Transparent

I did not think I would ever be happy. I did not think I could ever be happy. I was sure I would and could never be happy. I was wrong, but then again I was not wrong. I did not know what happy meant. I thought happy was the opposite of sad. It is true that I will never be the opposite of sad. But then again, why would I want to be? I cannot conceive of what the opposite of sad would be, but the idea of it is very disturbing. I have a hard time with the idea of opposite, as well. The real happy, which is not the opposite of sad, is the opposite of opposite. I am overwhelmed. I become transparent. For moments at a time, I can actually see that there is no boundary between me and other people. It is as if all the air between me and you is sucked out in a vacuum and I can really see you, in high definition. It is even more than that, because there is no me and no you but only the thing that we both are, and I am not talking about a philosophical idea, I tell you I can really feel this, it is fuzzy and glowing and sharp, and I tell you that this feeling is the greatest joy I have ever known. I am not talking about a religion, but religion means something different to me now, because I cannot help but worship. I want to worship. I need to worship. I sing. I move. I pray. All these words are just words and yet they are more than that. My life is just my life and yet it is more than that. It was not until after I had given up that I realized that giving up was faith. I want to tell you, oh I want to tell you so much, I would do anything to tell you. All you have to do to change the world is be in it. All it takes to be in the world is leaving it. All it takes to live is to die. This is not a riddle.

In the car at night

When I am sitting in the car at night and it is raining and you are driving us to see someone and the drops are streaking down the windows and we are not talking to one another because talking would be too loud, I think that all the rain must come from women who have lost their babies, and if there were no more tears, if there were no more sadness, the grasses would become brown and the ground would become sandy and all the trees would go thirsty and the world would stop going. But that is not really what I think, I know it isn’t, because that sounds like a story and actually it isn’t like that until I try to tell it. It is a wordless hum and a hollow sphere of cloth in my head. From the center of the sphere, I am grabbing at the cloth and pulling it toward me from many angles all at once. I look out at the raindrops. I look through the raindrops. I look at the raindrops. I follow the raindrops as they leave the edge of the window. I look through the raindrops. I look at the raindrops and through them at the same time. I become the raindrops and the window and the blurry wet red tail-lights going and the blurry wet white head-lights coming and the highway and the sadness and the shadows of trees that I cannot see because it is too dark out but I know they are there. It doesn’t matter where we’re going or who it is we’re going to see, because I can already see them, I can see everyone, and I can hear you even though we’re not talking, and I can hear my thoughts even though they are wordless and I can hear the silence and the hum and the engine and the crying of women who have lost their babies. I see now that I am not the only such woman. I leave the raindrops with my eyes but I do not leave them and I look at your thigh. You’re wearing new jeans and they have lighter stripes on them to make them look older than they are. I put my hand on the denim and I can feel the heat of your skin underneath and I look at my hand on your thigh and I cannot believe how beautiful my hand is, how it seems to glow more brightly even than the little blue lights on the dash or the red tail-lights going or the white head-lights coming, and you know not to talk to me because that is how well you know me.

On happiness

It’s weird. It’s as if I just woke up one day and realized that everything is fine. I know that isn’t really what happened. In fact, it took an absolutely absurd number of good things happening to me, one after another after another, to get me to even entertain the possibility that maybe my life isn’t awful, that I’m not perpetually stuck in the shithole that was 2002, that my life isn’t Ruined Forever.
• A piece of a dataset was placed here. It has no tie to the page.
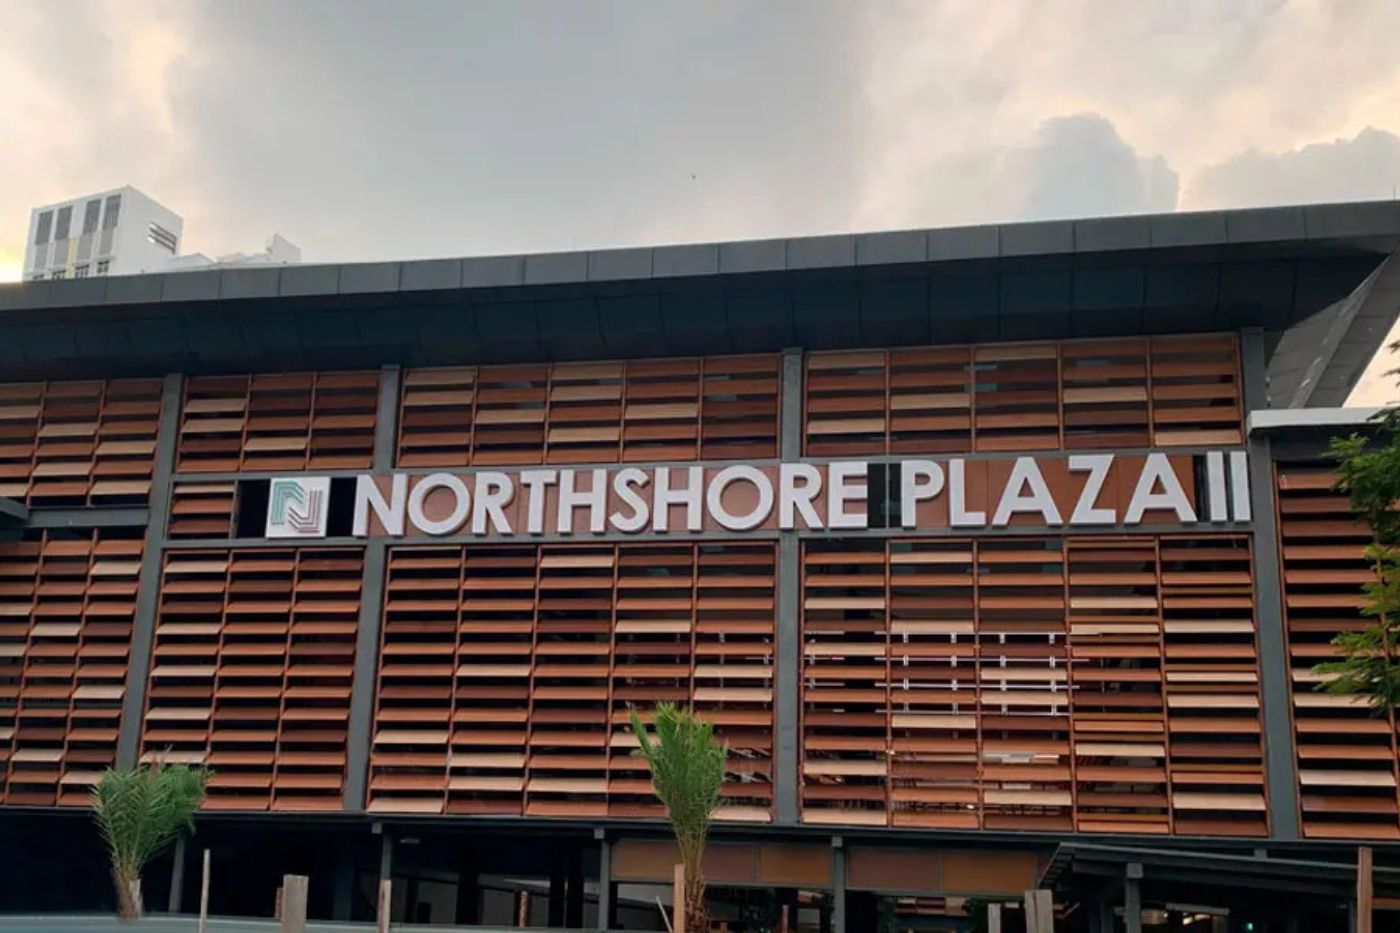 North shore Plaza 2

But it feels like one day, maybe last week or the week before, maybe yesterday, I just woke up and everything had changed. I can’t say which day it was, because that didn’t happen, and in fact just last week or the week before or yesterday I was crying and feeling terrible. But it’s like that doesn’t even matter, because right now I can look at my life, my whole life as it is, and say: this is good, this is as it should be.

Normally, I can’t see this at all. At most, I can, even from the mud of my self-pity, force myself to admit that at least one thing is going alright: At least I live in New York. At least my boss thinks I’m smart. At least my mother loves me. At least I’m not ill. At least my fish hasn’t died. And my favorite: I am so lonely and so miserable, so damaged and untouchable, but at least I’m not boring. The problem is that I can’t even look at one positive aspect of my life without weighing it against that seemingly unbearable load of all my baggage and problems, such that the good thing seems so tiny and feeble in comparison that it’s no longer worth acknowledging, let alone celebrating, at all.
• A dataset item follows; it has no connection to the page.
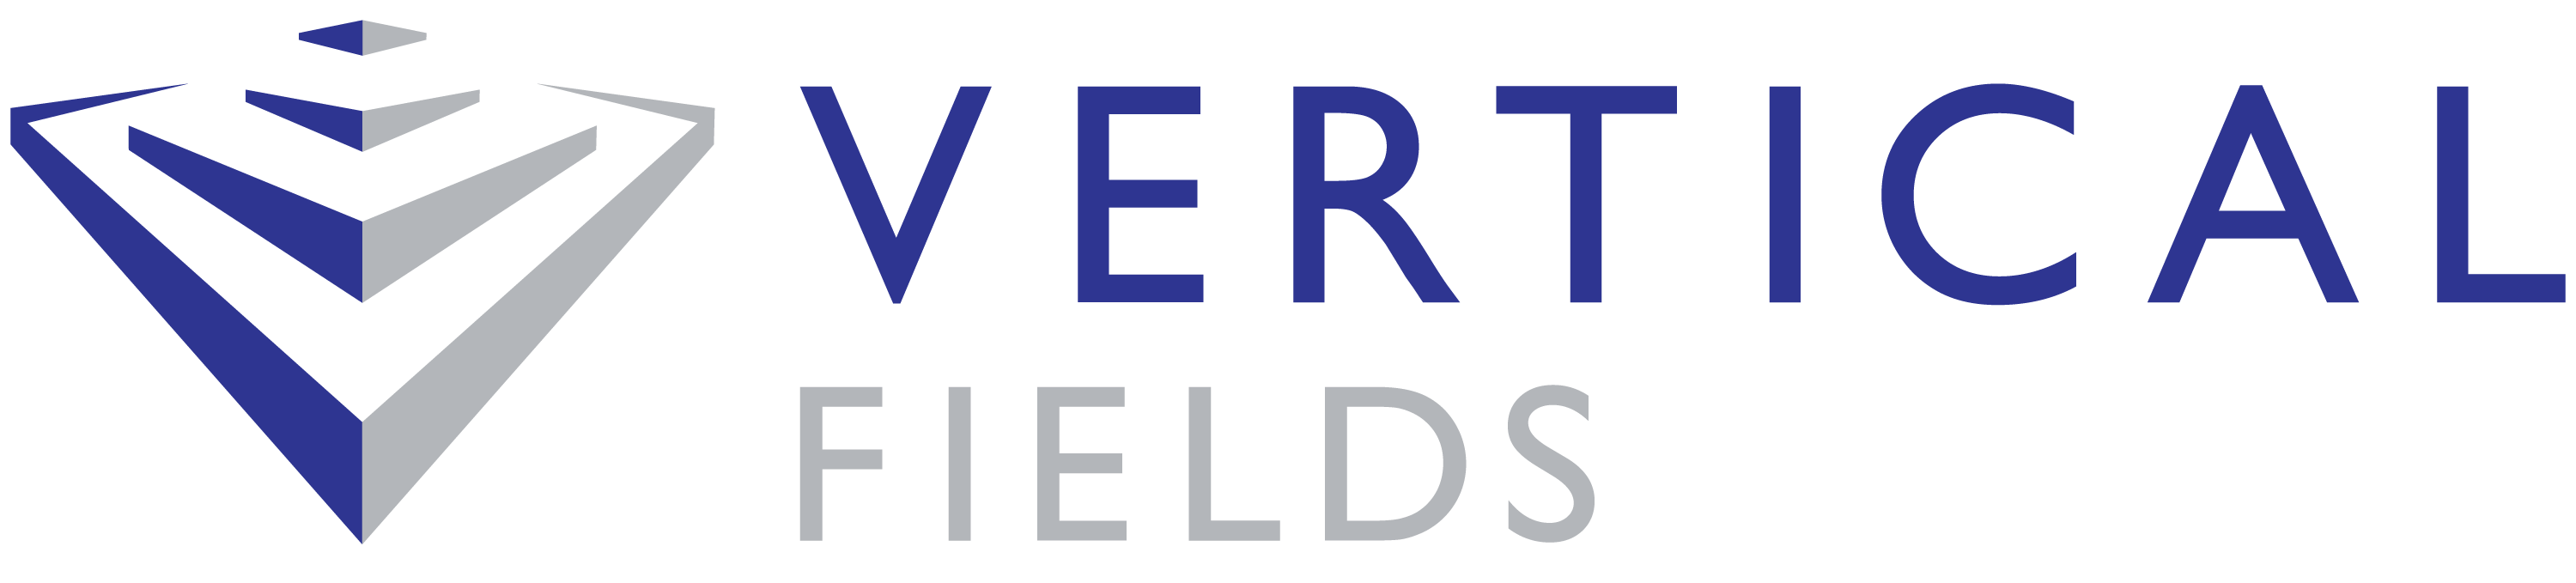 Vertical fields capital llc logo

When I was 11 or 12 or smaller, I really thought depressed people were fascinating. They wrote all the really moving stories and had all the intense feelings and they seemed so honest and so interesting. And I knew I had some of this stuff in me too, so I played it up. I wrote the kind of stories that depressed girls wrote, and I wore the kind of clothes that depressed girls wore. But, somewhere, for years, even as the sad stories started coming true, in the back of my mind I was worried that maybe it was all just pretend. Maybe I was only pretending to suffer so I could be edgy and cool.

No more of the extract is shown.